Effects of environmental factors and management practices on microclimate, winter physiology, and frost resistance in trees
Guillaume Charrier, Jérôme Ngao, Marc Saudreau and Thierry Améglio
Apr 2015
https://www.frontiersin.org/articles/10.3389/fpls.2015.00259/full
All the authors are from central Europe (Austria, France).
A little more practical article for me. I think it would help these authors to go visit some place that gets cold in winter (Siberia, the Canadian Prairies, southern Chile). For me, the obvious thing that is missing is Foehn winds; there is no mention of Foehn winds (or as I know them, chinooks) in this article.

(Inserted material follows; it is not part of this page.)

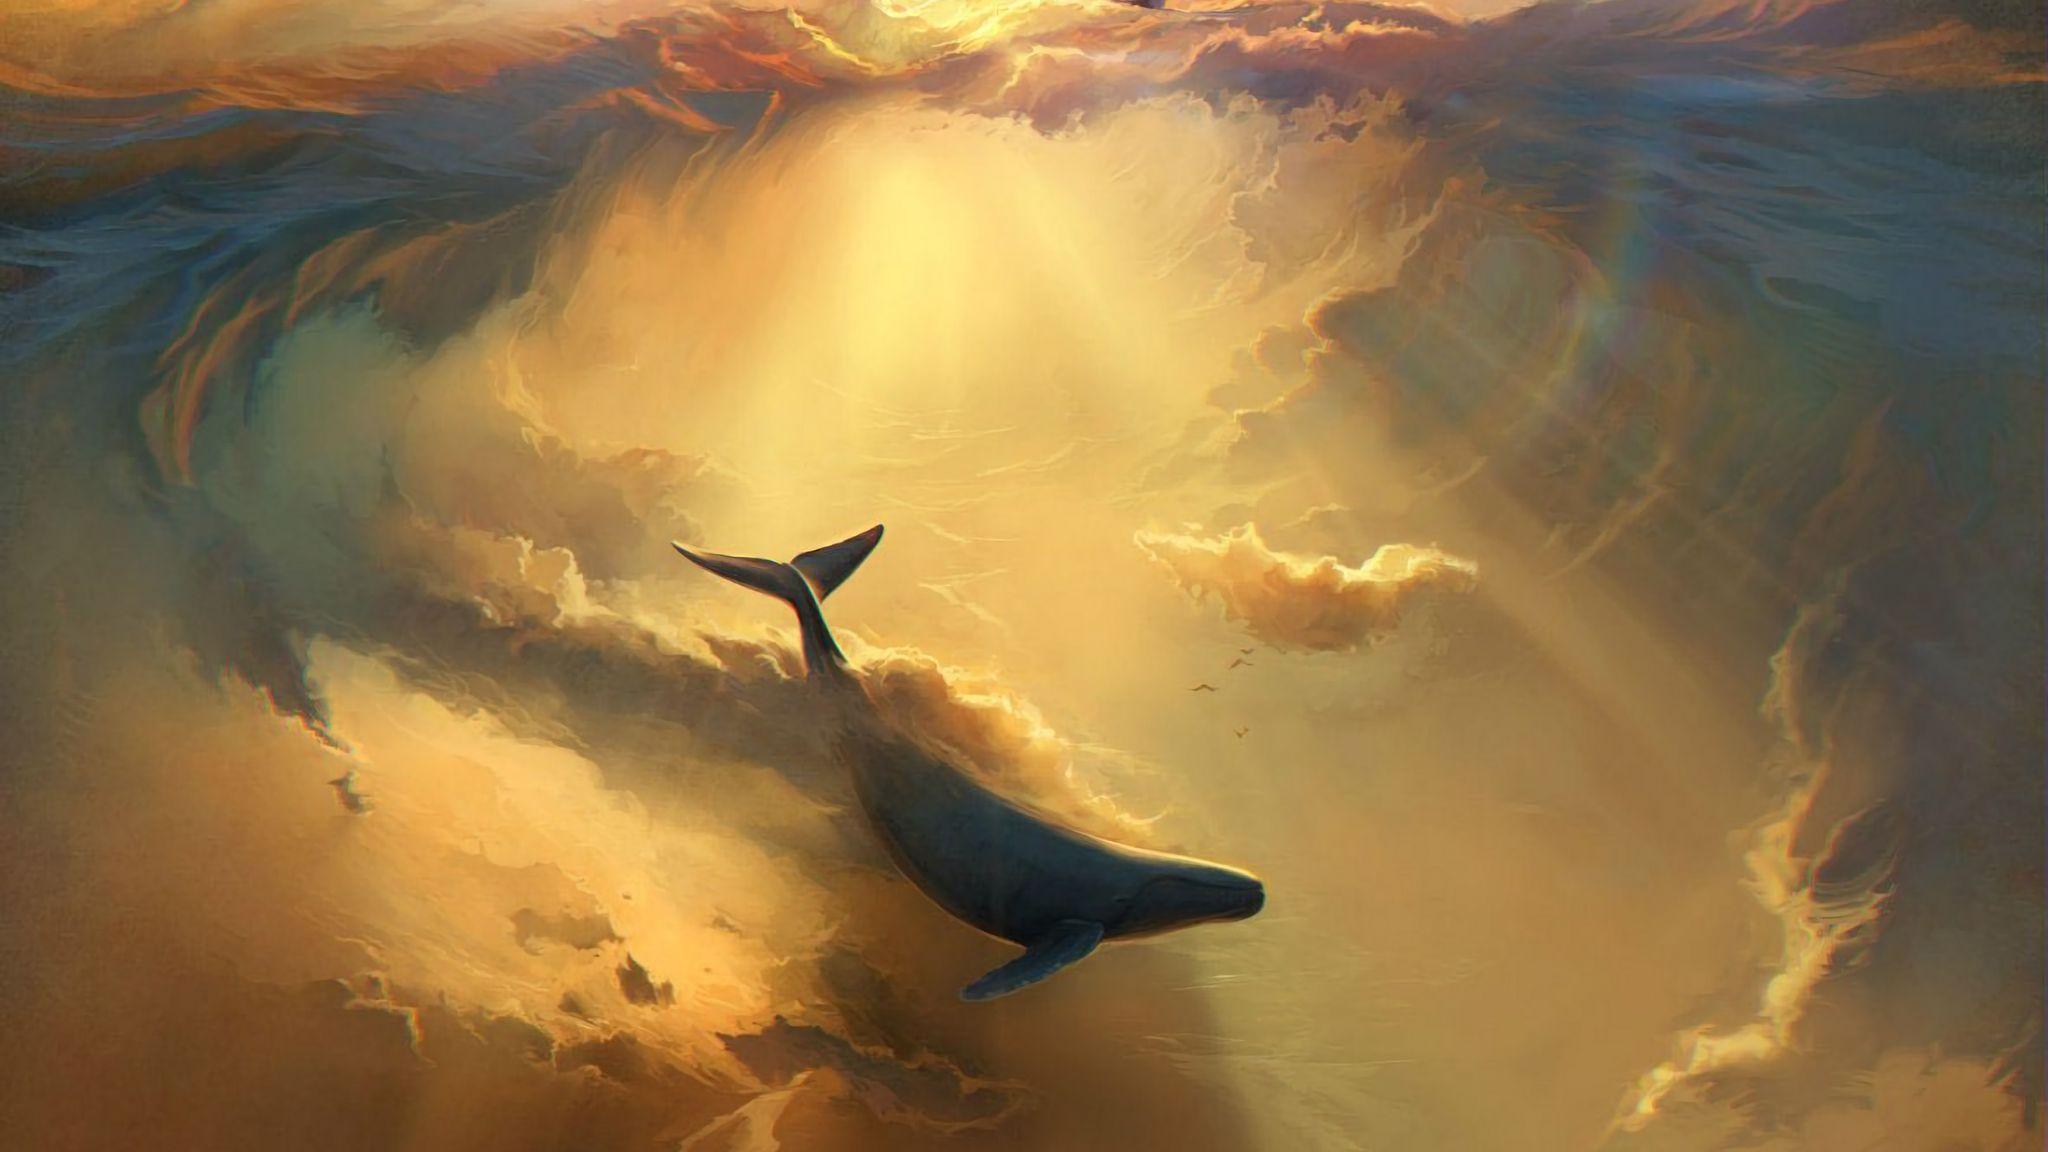 2048x1152 Wallpaper shark, dolphin, sea, art, underwater world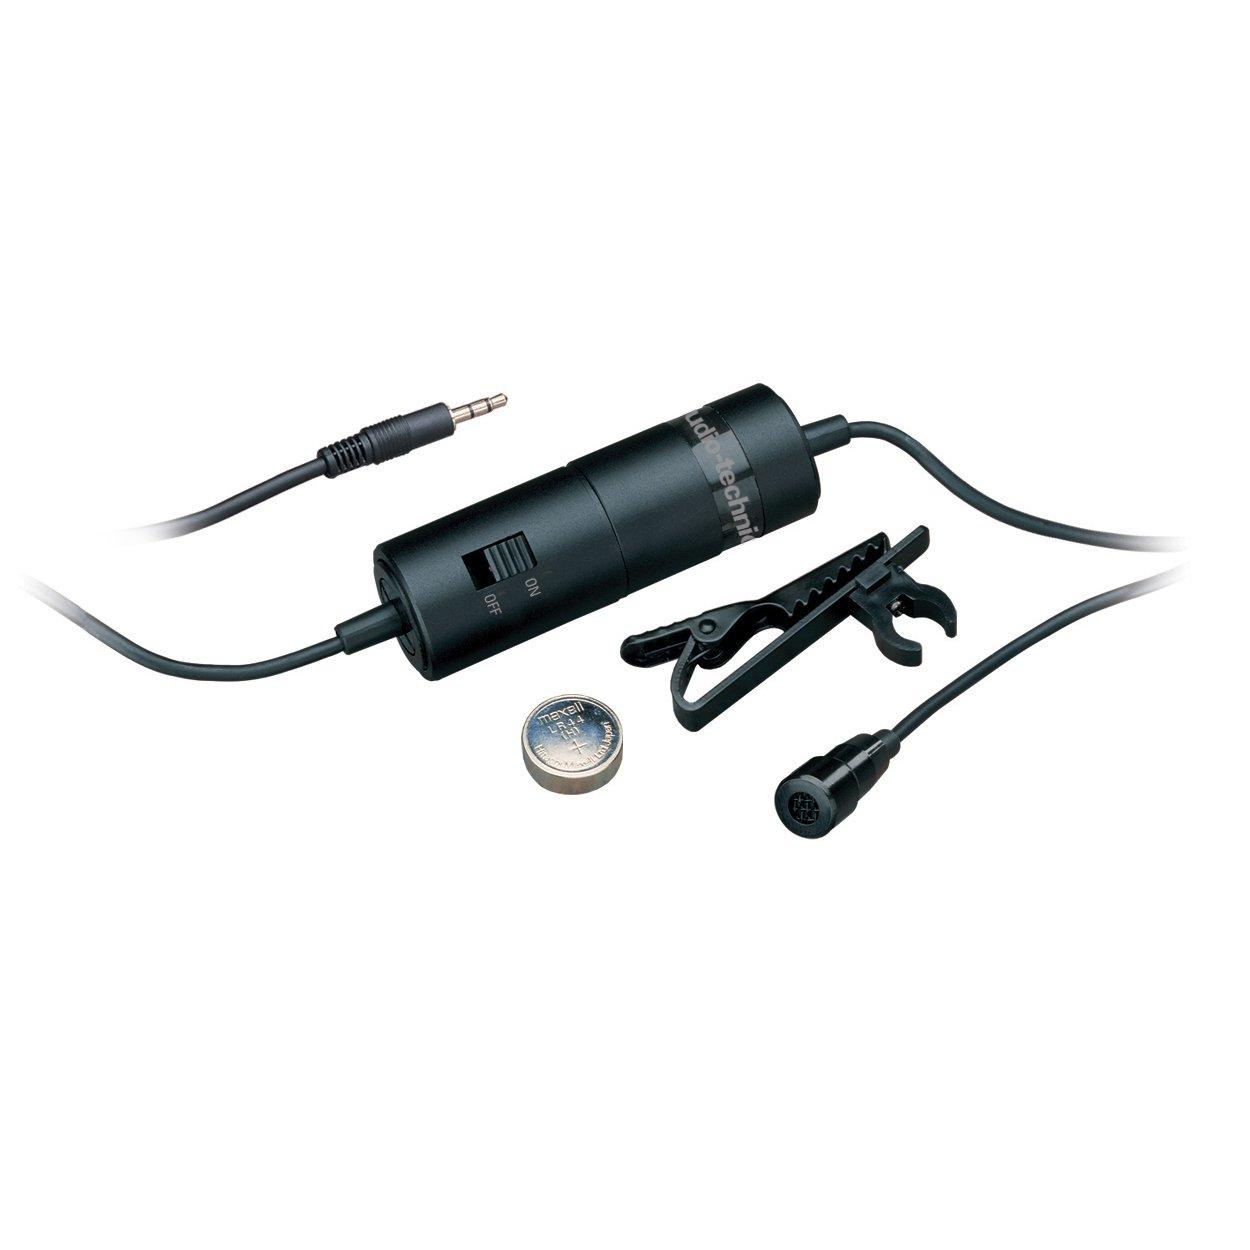 Audio-Technica ATR3350 Omnidirectional Lapel Microphone

I think this is a more useful article for most people who live where freezing can happen. But, I think the authors lack experience for where things get really cold. They seem to think that snow will prevent freezing in the soil, or it just gets a little cold in the soil. When I moved to Dawson Creek in 1975, we could actually see 2 or more weeks of winter where the warmest temperature on any given day was below -40. Some people talk about "frost lines" of 4 feet and think they are a bother. The frost line here, at that time, was 9 feet (I still think it is defined to be 9 feet, but that is another problem).
The authors also talk about the bark of a tree as having thermal inertia. I don't think of thermal inertia, I think of thermal mass; but I think the two concepts are closely related. But no, I would never say that the bark of a tree provides significant thermal mass to the interior of a tree.
I
should try to read this at least once more.